This is an advanced human rights law course, focusing on the international and comparative law of civil and political rights. Civil and political rights are at the heart of many of the most exciting contemporary battles over human rights law, its strengths and weaknesses, and directly shape the ways in which human rights law interacts with politics and the broader world. It is an enthralling and cutting-edge area to be thinking about, and vital to any understanding of human rights law.
This course in Advanced Civil & Political Rights is a course that builds on LAWS8234 (International Human Rights Law) in considering ways in which we can all 'do human rights law better'. This is a course designed for those students who found LAWS8234 rewarding and challenging, and who wish to go broaden and deepen the understanding of human rights law gained in that course with a particular focus on civil and political rights.
In Advanced Civil & Political Rights students will be encouraged to continue thinking about international human rights law from first principles, but to do so in the context of ‘deep dives’ into a number of cutting edge areas of considerable controversy in the contemporary international and comparative law of civil and political rights (including, for example, freedom of speech, capital punishment, and the rights of prisoners to vote).

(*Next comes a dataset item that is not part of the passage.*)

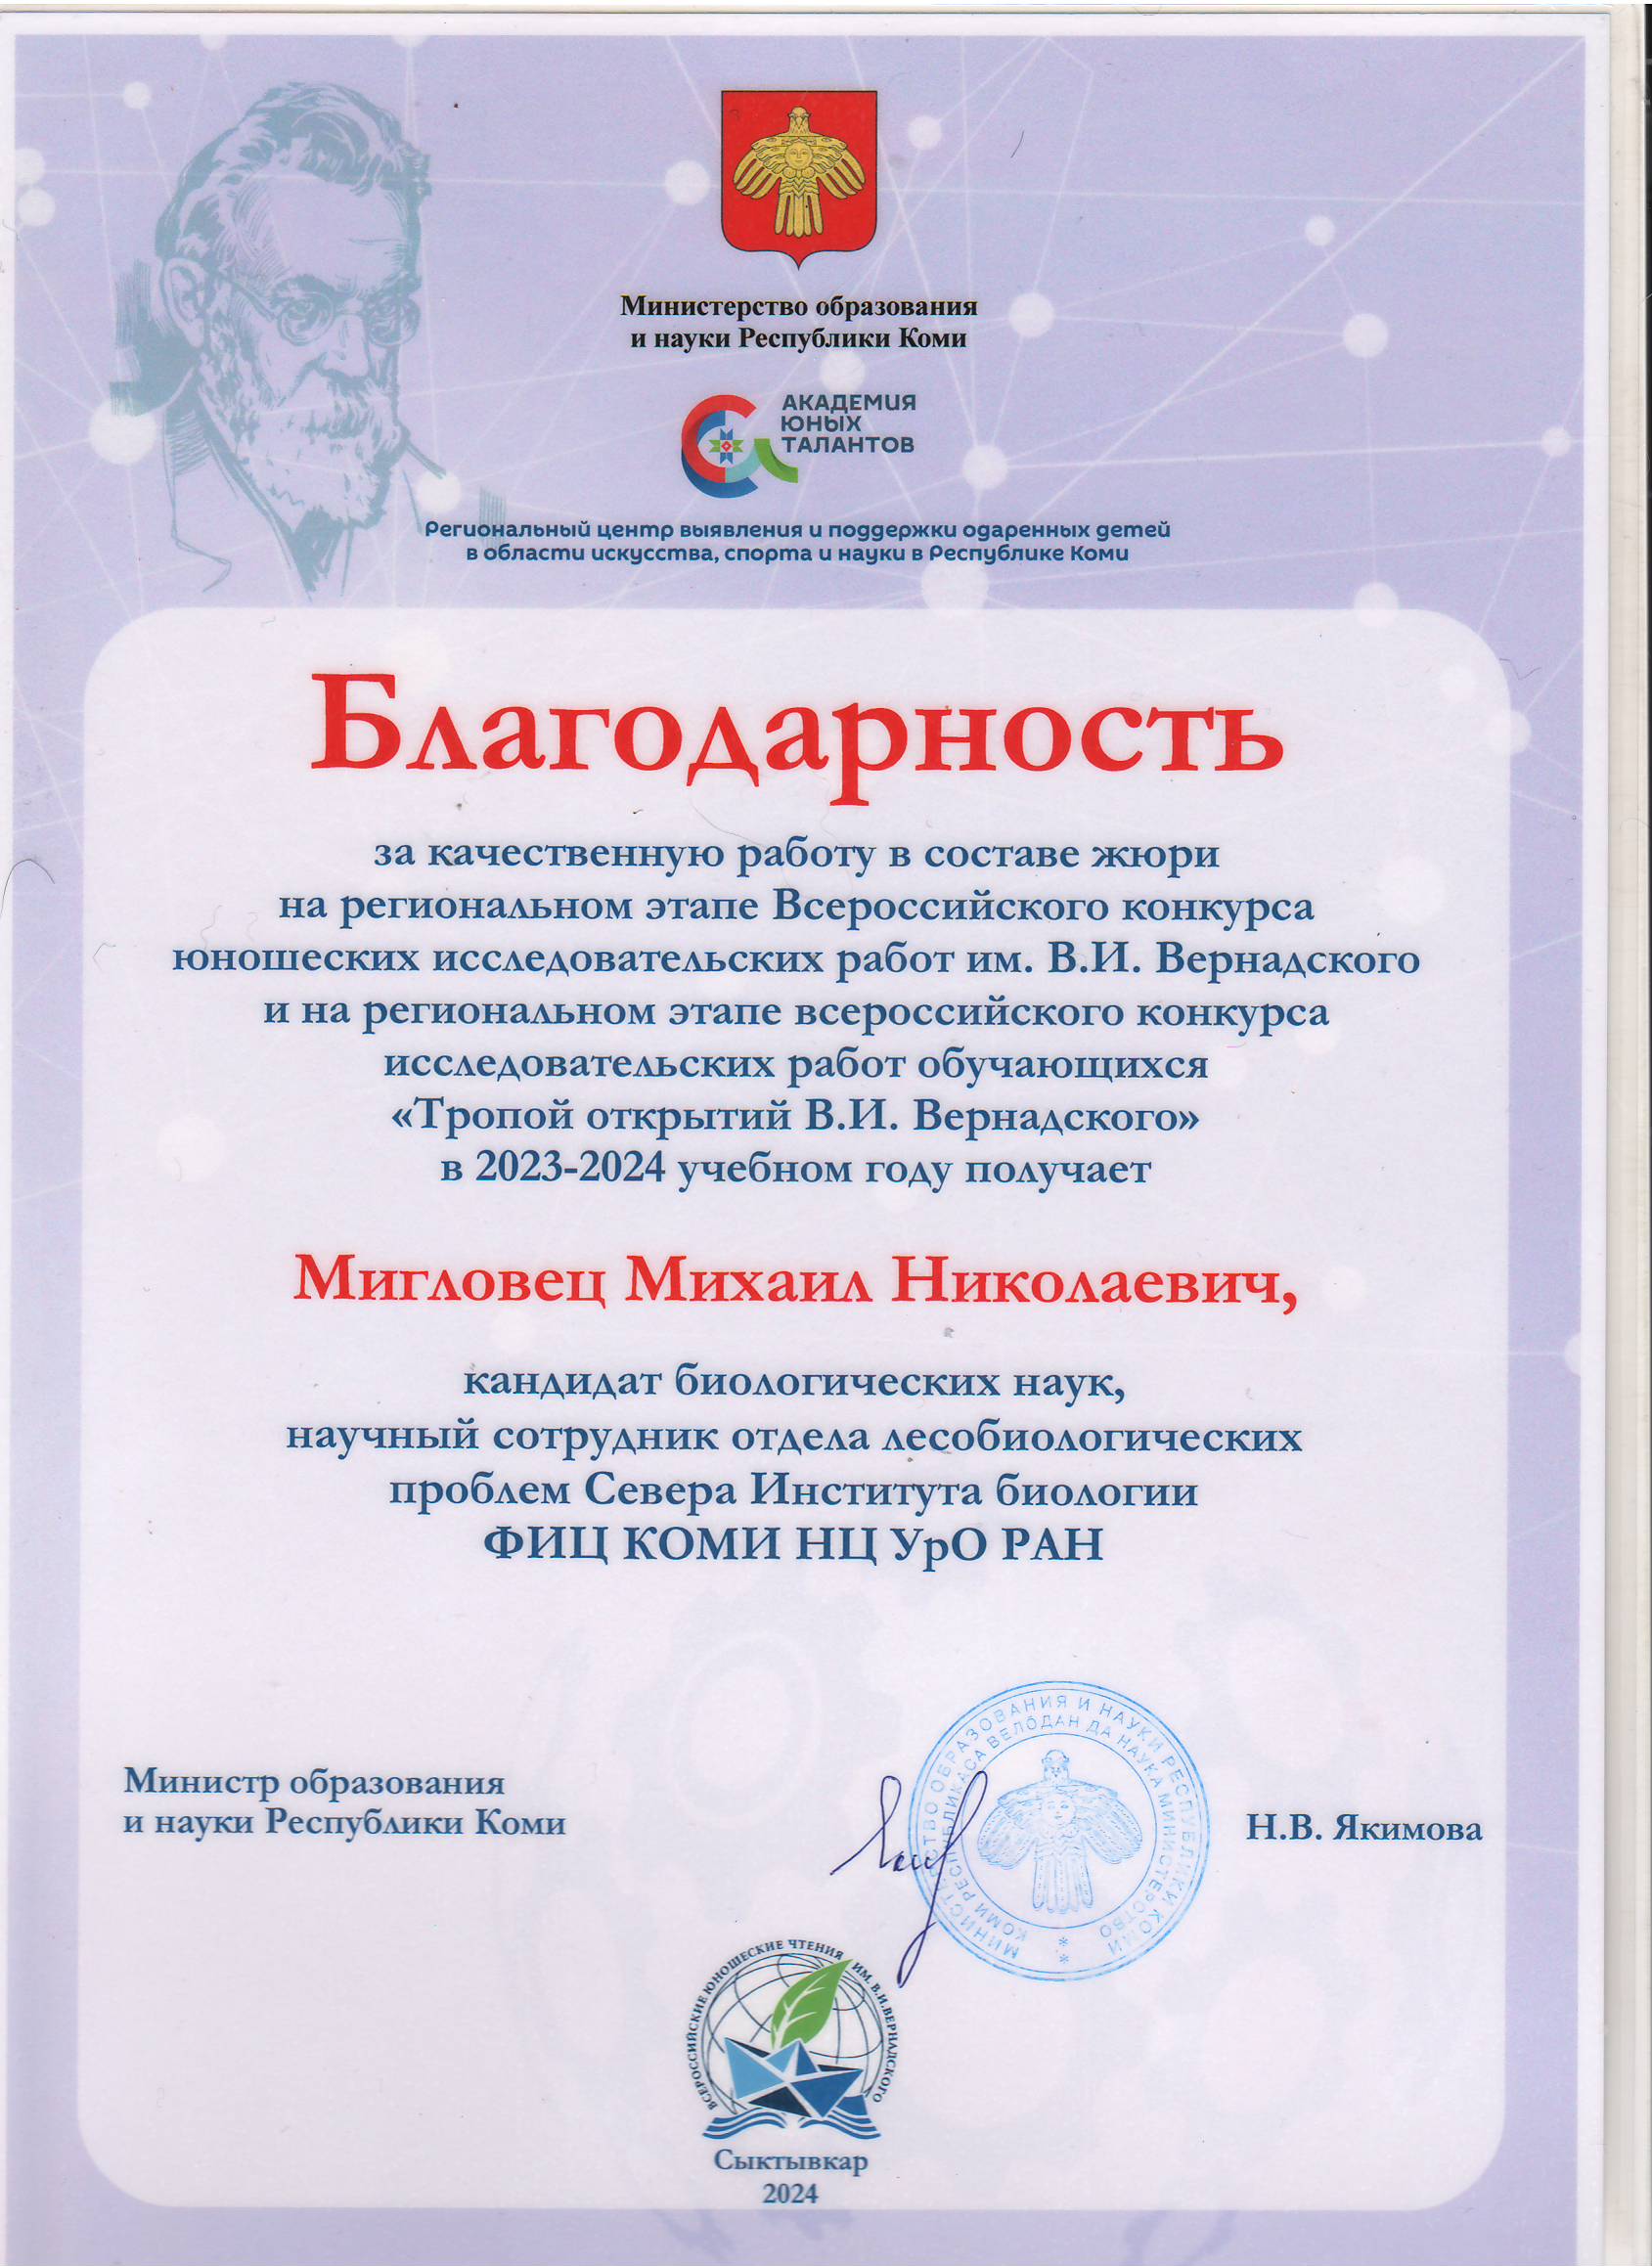 Благодарность Мигловцу Михаилу Николаевичу от Министерства образования и науки Республики Коми

In undertaking these deep dives, the course classes and reading materials will encourage you to consider and reconsider many assumptions commonly made about human rights law, and to think about the extent to which international human rights law may be considered consistent, predictable, internally coherent, and capable of acting as a guide to states, citizens, lawyers, officials, and judges. Our emphasis will be on examining examples of human rights reasoning in particular fields in fine detail, especially at the regional level. Students will be encouraged to read cases and primary sources closely and critically, and to build on skills and knowledge from the classroom in their research essays.
Criticism of the quality of legal reasoning in human rights documents/judgments will not be discouraged, and it will not be assumed that broader, more expansive, legal protection of human rights is always a good thing.
Upon successful completion, students will have the knowledge and skills to:By the conclusion of this course, it is intended that students who have successfully completed all of the course requirements will be able to:
- Explain, distinguish and apply core and advanced concepts and terminology of the foreign and/or international law of civil and political rights as used in the key primary and secondary sources;
- Design, implement and review a range of theoretical approaches to the primary and secondary source material;
- Identify and use a range of research principles, methods and tools appropriate to respond to a complex question of the foreign and/or international law of civil and political rights;
- Identify and critically examine in written and oral form a range of perspectives and values that are relevant to the foreign and/or international law of civil and political rights;
- Explain and examine whether, and if so, to what extent, the foreign and/or international law of civil and political rights provides coherent predictable consistent guidance to states, courts, lawyers, officials, and citizens; and
- Plan and execute a research project with independence in order to produce original scholarship on a particular identified area of foreign and/or international law of civil and political rights.
Other InformationThis is an intensive course with a 4 day compulsory intensive (see LLM timetable for dates).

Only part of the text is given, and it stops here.